Er holt aus - will er mich etwa schlagen? Ich versuche, mich wegzuducken. Nur wohin? In Panik jaule ich auf. Zur Hilfe - was ist hier bloß los?

In diesem Moment steht auf einmal Carolin hinter Thomas. Von dem ganzen Lärm ist sie nun doch aufgewacht. Sie packt Thomas von hinten an der Schulter und zerrt ihn zurück.

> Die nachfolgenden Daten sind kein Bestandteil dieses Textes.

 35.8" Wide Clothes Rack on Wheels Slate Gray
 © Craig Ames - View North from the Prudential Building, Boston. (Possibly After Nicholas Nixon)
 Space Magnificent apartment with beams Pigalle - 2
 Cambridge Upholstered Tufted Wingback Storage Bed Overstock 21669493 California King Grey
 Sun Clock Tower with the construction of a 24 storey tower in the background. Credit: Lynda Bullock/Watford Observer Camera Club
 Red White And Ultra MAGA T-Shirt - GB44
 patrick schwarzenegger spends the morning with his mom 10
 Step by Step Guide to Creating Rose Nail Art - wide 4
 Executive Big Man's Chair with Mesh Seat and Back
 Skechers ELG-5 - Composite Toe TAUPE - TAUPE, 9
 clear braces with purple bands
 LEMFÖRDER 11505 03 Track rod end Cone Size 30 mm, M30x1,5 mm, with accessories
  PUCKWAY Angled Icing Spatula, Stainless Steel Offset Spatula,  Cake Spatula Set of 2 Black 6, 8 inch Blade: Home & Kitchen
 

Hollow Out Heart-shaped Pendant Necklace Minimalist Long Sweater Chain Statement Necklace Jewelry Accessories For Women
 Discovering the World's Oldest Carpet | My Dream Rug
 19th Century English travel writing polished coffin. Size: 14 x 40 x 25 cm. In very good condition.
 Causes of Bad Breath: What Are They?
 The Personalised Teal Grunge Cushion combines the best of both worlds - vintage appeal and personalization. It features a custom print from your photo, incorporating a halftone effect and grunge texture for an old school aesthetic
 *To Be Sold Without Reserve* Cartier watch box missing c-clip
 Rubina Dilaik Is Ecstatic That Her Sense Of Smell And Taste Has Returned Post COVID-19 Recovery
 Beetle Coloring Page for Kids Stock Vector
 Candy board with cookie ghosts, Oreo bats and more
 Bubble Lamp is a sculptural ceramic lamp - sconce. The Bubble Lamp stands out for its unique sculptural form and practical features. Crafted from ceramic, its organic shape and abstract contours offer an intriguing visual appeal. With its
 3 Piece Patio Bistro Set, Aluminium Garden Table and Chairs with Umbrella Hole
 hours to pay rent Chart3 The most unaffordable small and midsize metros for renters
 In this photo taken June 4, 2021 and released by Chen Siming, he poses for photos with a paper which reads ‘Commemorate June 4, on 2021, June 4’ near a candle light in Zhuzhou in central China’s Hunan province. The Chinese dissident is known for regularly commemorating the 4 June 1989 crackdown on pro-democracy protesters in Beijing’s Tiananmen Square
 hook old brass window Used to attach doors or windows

»Unterstehe dich, Herkules ein Haar zu krümmen! Er hat uns schließlich nicht absichtlich gestört.«

Thomas fährt zu ihr herum. »Bitte? Die Töle springt in unser Bett, als ich gerade richtig in Fahrt bin, und du verteidigst sie? Dem dummen Vieh werde ich gleich mal zeigen, was ich von seiner kleinen Einlage halte.«

»Thomas!«, kommt es jetzt ganz scharf von Carolin. »Du lässt sofort die Finger von Herkules. Sofort!«

Sie bückt sich zu mir herunter und nimmt mich auf den Arm. Mittlerweile zittere ich wie Espenlaub. Das ist einfach zu viel für mein empfindliches Nervenkostüm. Und überhaupt verstehe ich nur noch Bahnhof: Was heißt hier stören? Und in Fahrt? Thomas soll doch froh sein, dass wenigstens ich seinen kritischen Zustand erkannt habe. Stattdessen hatte er ernsthaft vor, mich zu vermöbeln. Und mein Dackelpo tut auch noch weh von dem Tritt, den er mir im Bett verpasst hat. Ich fange an zu winseln. Noch nie bin ich so ungerecht behandelt worden. Gegen diesen Psychopathen ist der alte von Eschersbach ja die Mildtätigkeit in Person!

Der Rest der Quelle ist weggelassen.